I'd say Kackles refusing an interview was a bigger factor than Trump doing an interview. And Rogan even admitted he agreed to leave certain topics "off the table" and her team still wouldn't agree to do the interview in his studio.
Before these long-form 'everyman' podcasts there wasn't really anything you could show to somebody who thought Trump was a dozen-adjective literally Hitler.
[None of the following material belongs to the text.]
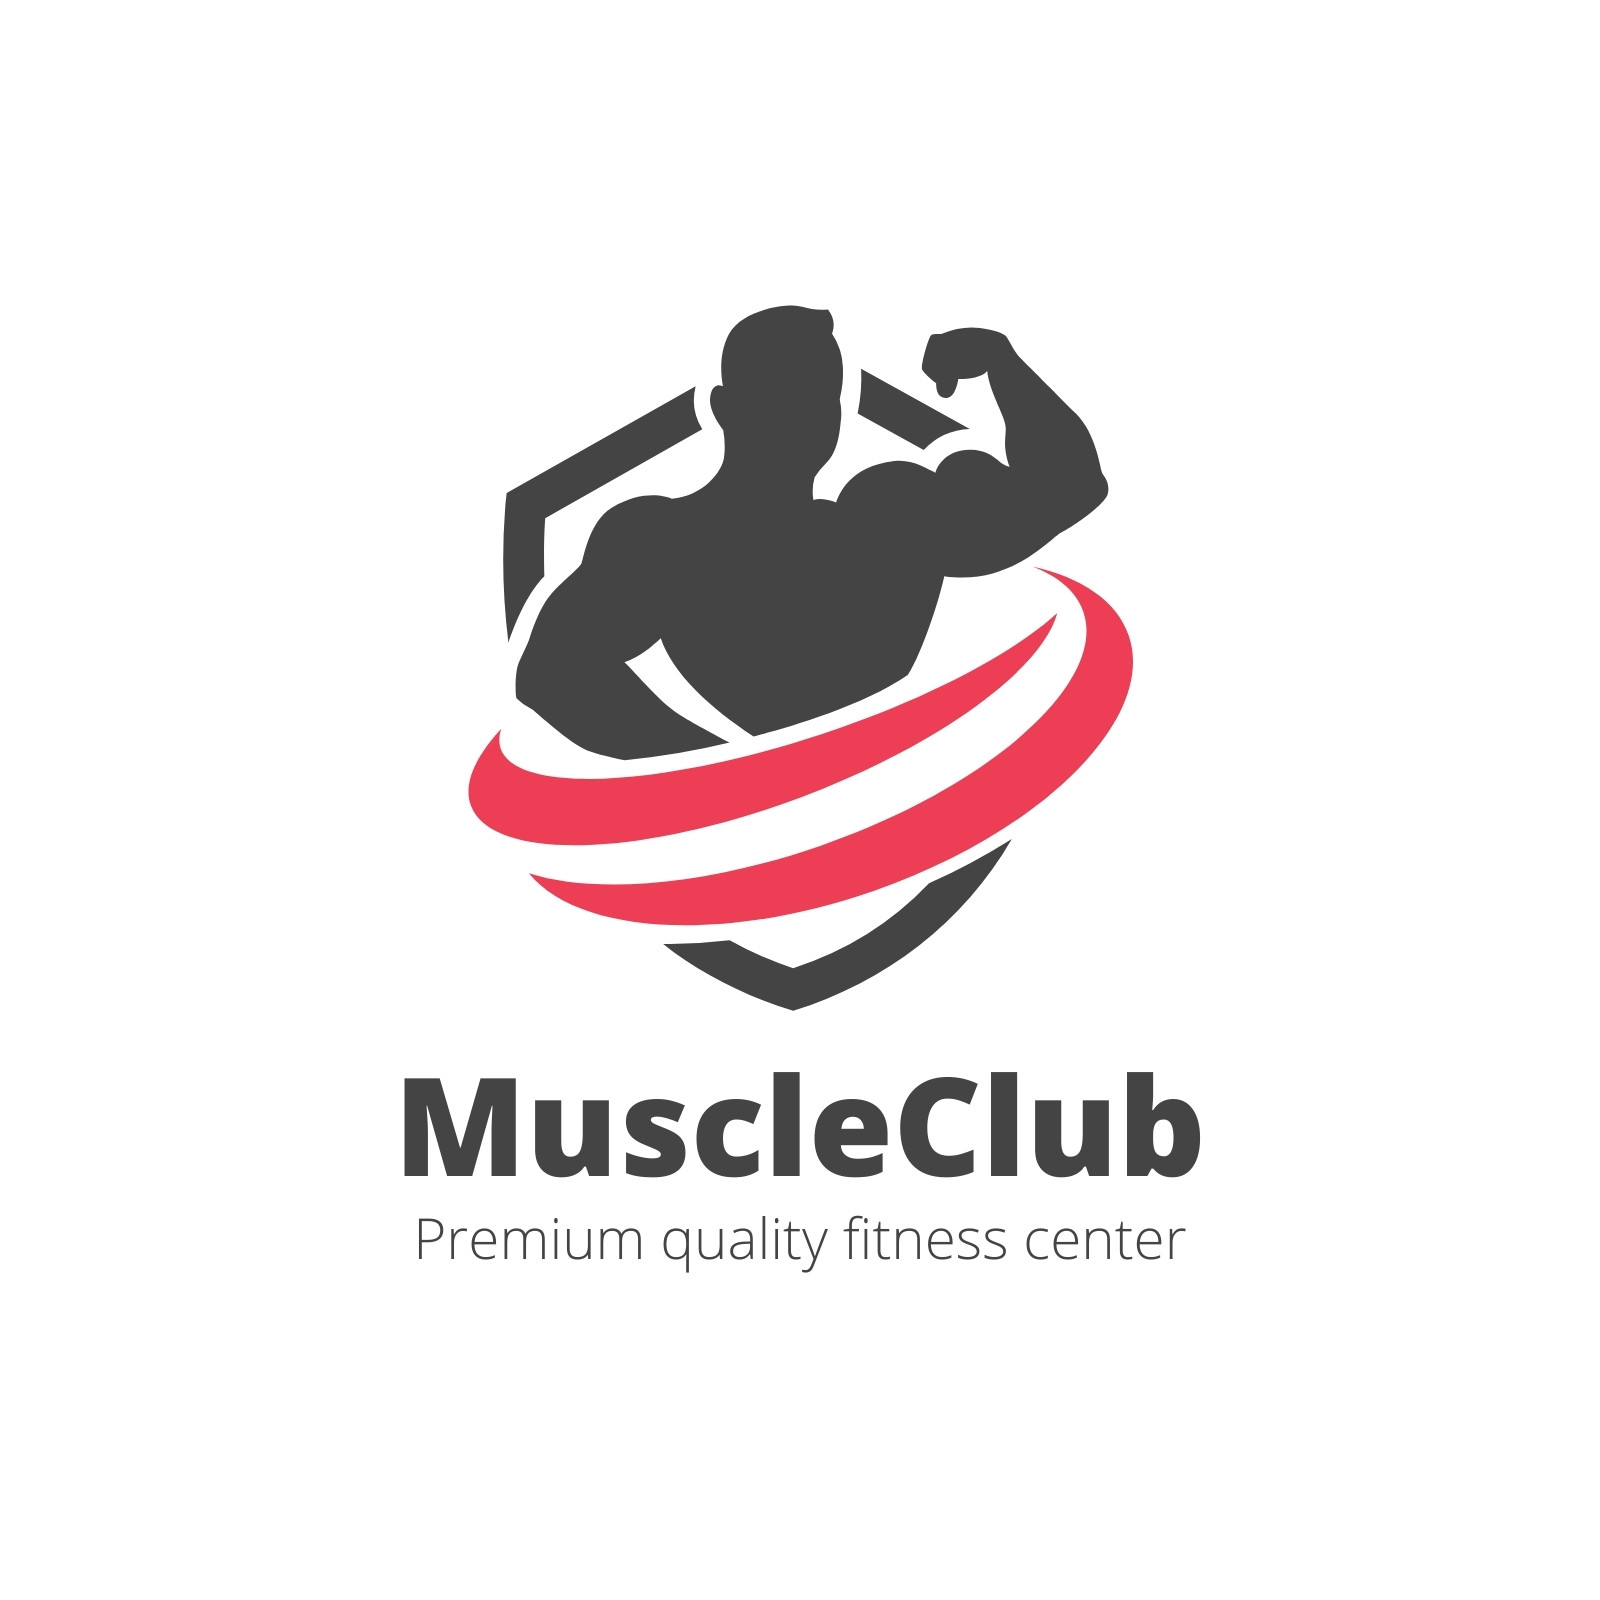 Free custom printable gym logo templates | Canva
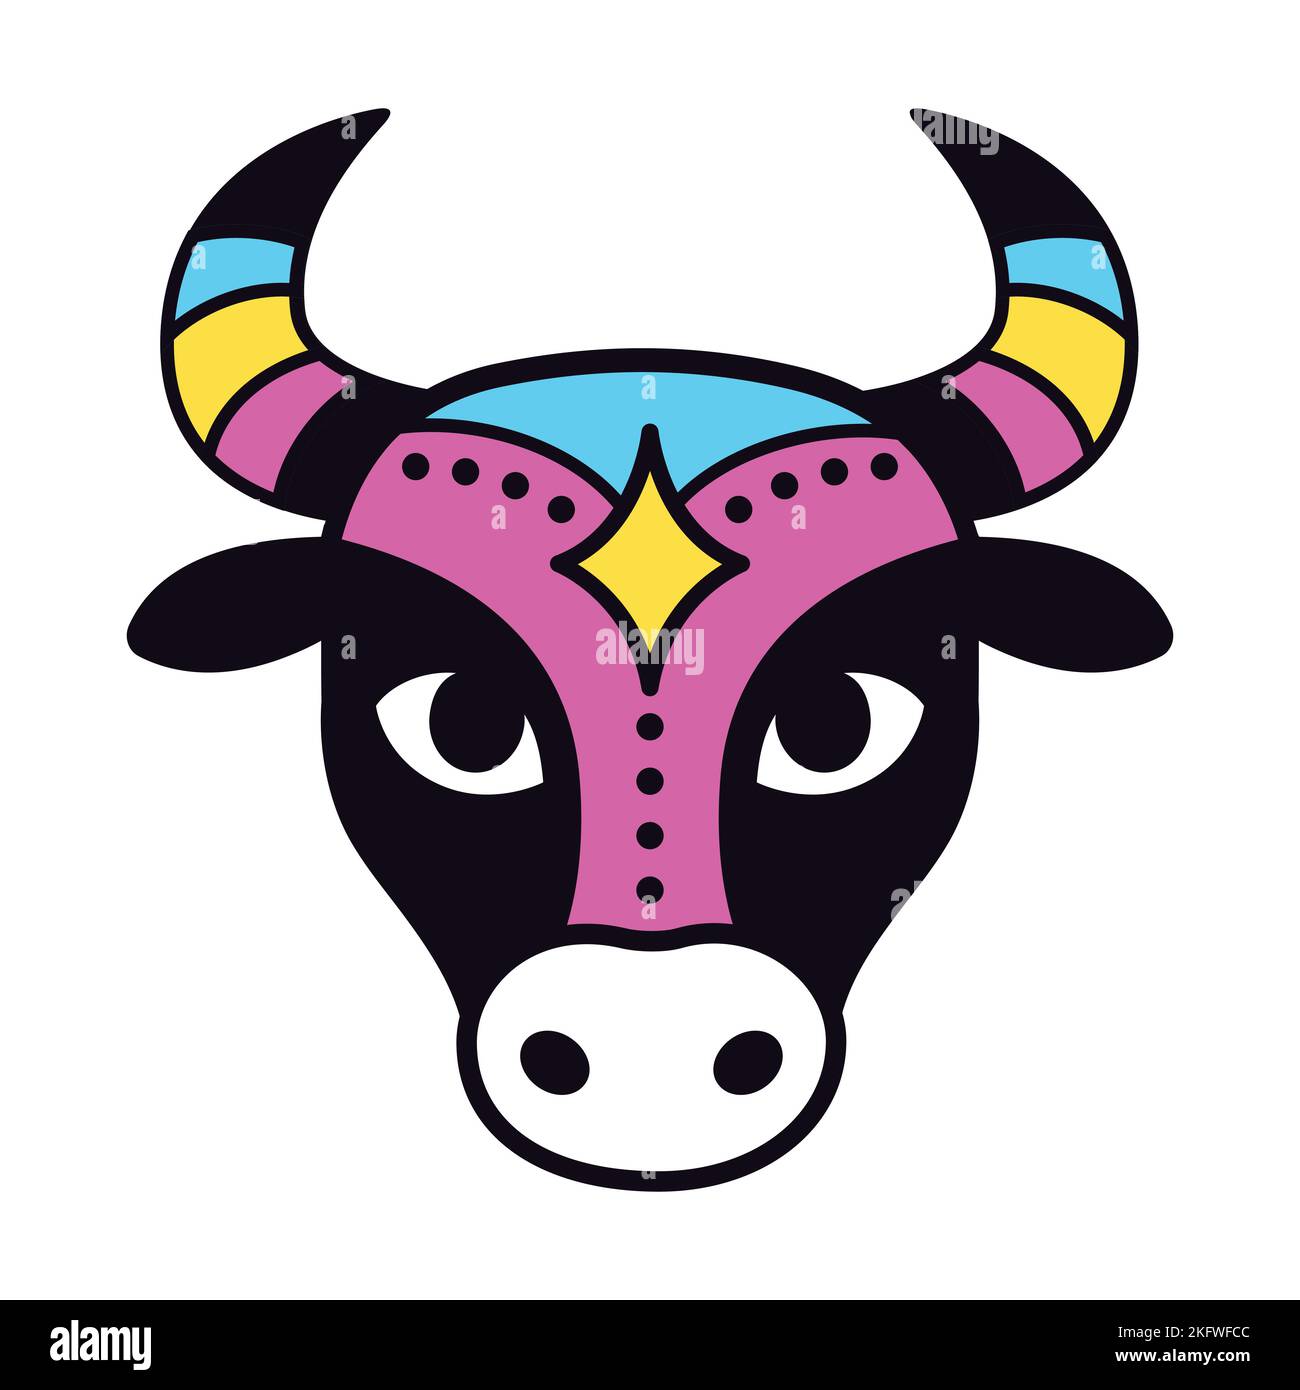 Bumba Meu Boi traditional Brazilian celebration. Ox face icon in simple cute cartoon style. Vector clip art illustration. Stock Vector

Clips, rallies - nothing convincing and they'd only see the most distorted excerpts anyway.
But after the podcast tour you have this singular thing you can point to, Rogan or Theo Von or another, where he's personable and asked honest questions normal people have, with no deceptive editing, where you can say go watch this and it'll change your mind about Trump.
It's a metaphorical pin you can point to and say "oh you don't think you're a bubble? well then this pin can't hurt you". They'll either have their bubble popped or retreat in fear from it.